Biochemical Journal ◽

10.1042/bj20041243 ◽

2005 ◽

Vol 387 (2) ◽

pp. 355-365 ◽

Cited By ~ 57

Author(s):

Thierry ROGER ◽

Isabelle MICONNET ◽

Anne-Laure SCHIESSER ◽

Hirofumi KAI ◽

Kensuke MIYAKE ◽

...

Keyword(s):

Transcription Factors ◽

Promoter Activity ◽

Critical Role ◽

Regulatory Elements ◽

Mrna Levels ◽

Toll Like Receptor ◽

Toll Like Receptor 4 ◽

Gram Negative ◽

Inflammatory Stimuli ◽

Tlr4 Gene

TLR4 (Toll-like receptor 4) is essential for sensing the endotoxin of Gram-negative bacteria.
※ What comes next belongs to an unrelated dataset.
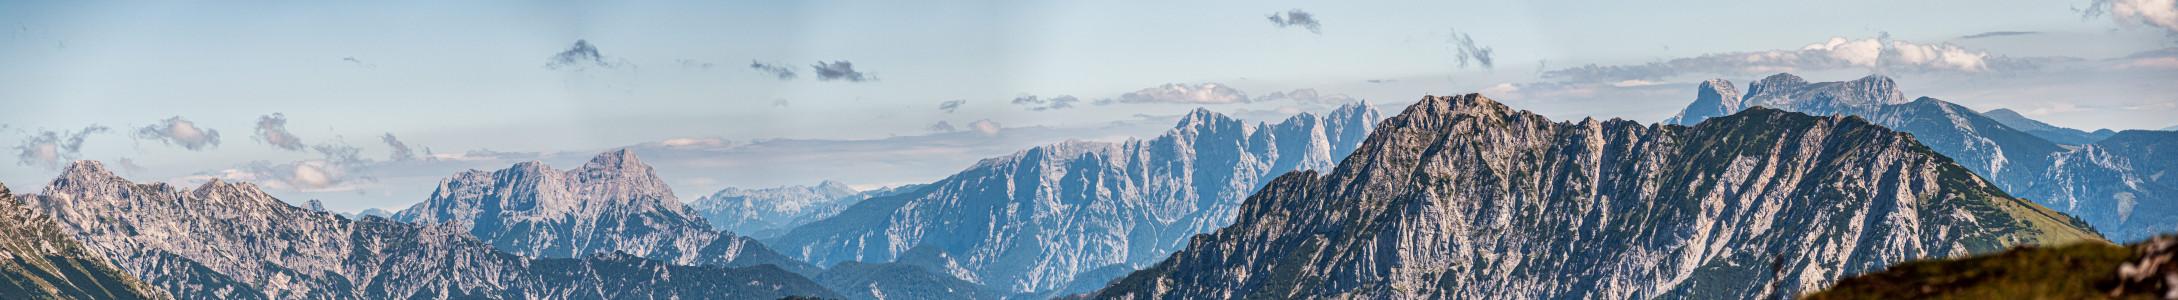 - Alm Almen Berg Bildeigenschaft Bildinhalt Hell Natur Pyhrn Priel Pyhrn-Priel Totes Gebirge Ungesättigt Wurzer Alm Wurzeralm blau

Mutations or deletion of the TLR4 gene in humans or mice have been associated with altered predisposition to or outcome of Gram-negative sepsis. In the present work, we studied the expression and regulation of the Tlr4 gene of mouse. In vivo, TLR4 levels were higher in macrophages compared with B, T or natural killer cells. High basal TLR4 promoter activity was observed in RAW 264.7, J774 and P388D1 macrophages transfected with a TLR4 promoter reporter vector. Analysis of truncated and mutated promoter constructs identified several positive [two Ets (E twenty-six) and one AP-1 (activator protein-1) sites] and negative (a GATA-like site and an octamer site) regulatory elements within 350 bp upstream of the transcriptional start site. The myeloid and B-cell-specific transcription factor PU.1 bound to the proximal Ets site. In contrast, none among PU.1, Ets-1, Ets-2 and Elk-1, but possibly one member of the ESE (epithelium-specific Ets) subfamily of Ets transcription factors, bound to the distal Ets site, which was indispensable for Tlr4 gene transcription. Endotoxin did not affect macrophage TLR4 promoter activity, but it decreased TLR4 steady-state mRNA levels by increasing the turnover of TLR4 transcripts. TLR4 expression was modestly altered by other pro- and anti-inflammatory stimuli, except for PMA plus ionomycin which strongly increased promoter activity and TLR4 mRNA levels. The mouse and human TLR4 genes were highly conserved. Yet, notable differences exist with respect to the elements implicated in gene regulation, which may account for species differences in terms of tissue expression and modulation by microbial and inflammatory stimuli.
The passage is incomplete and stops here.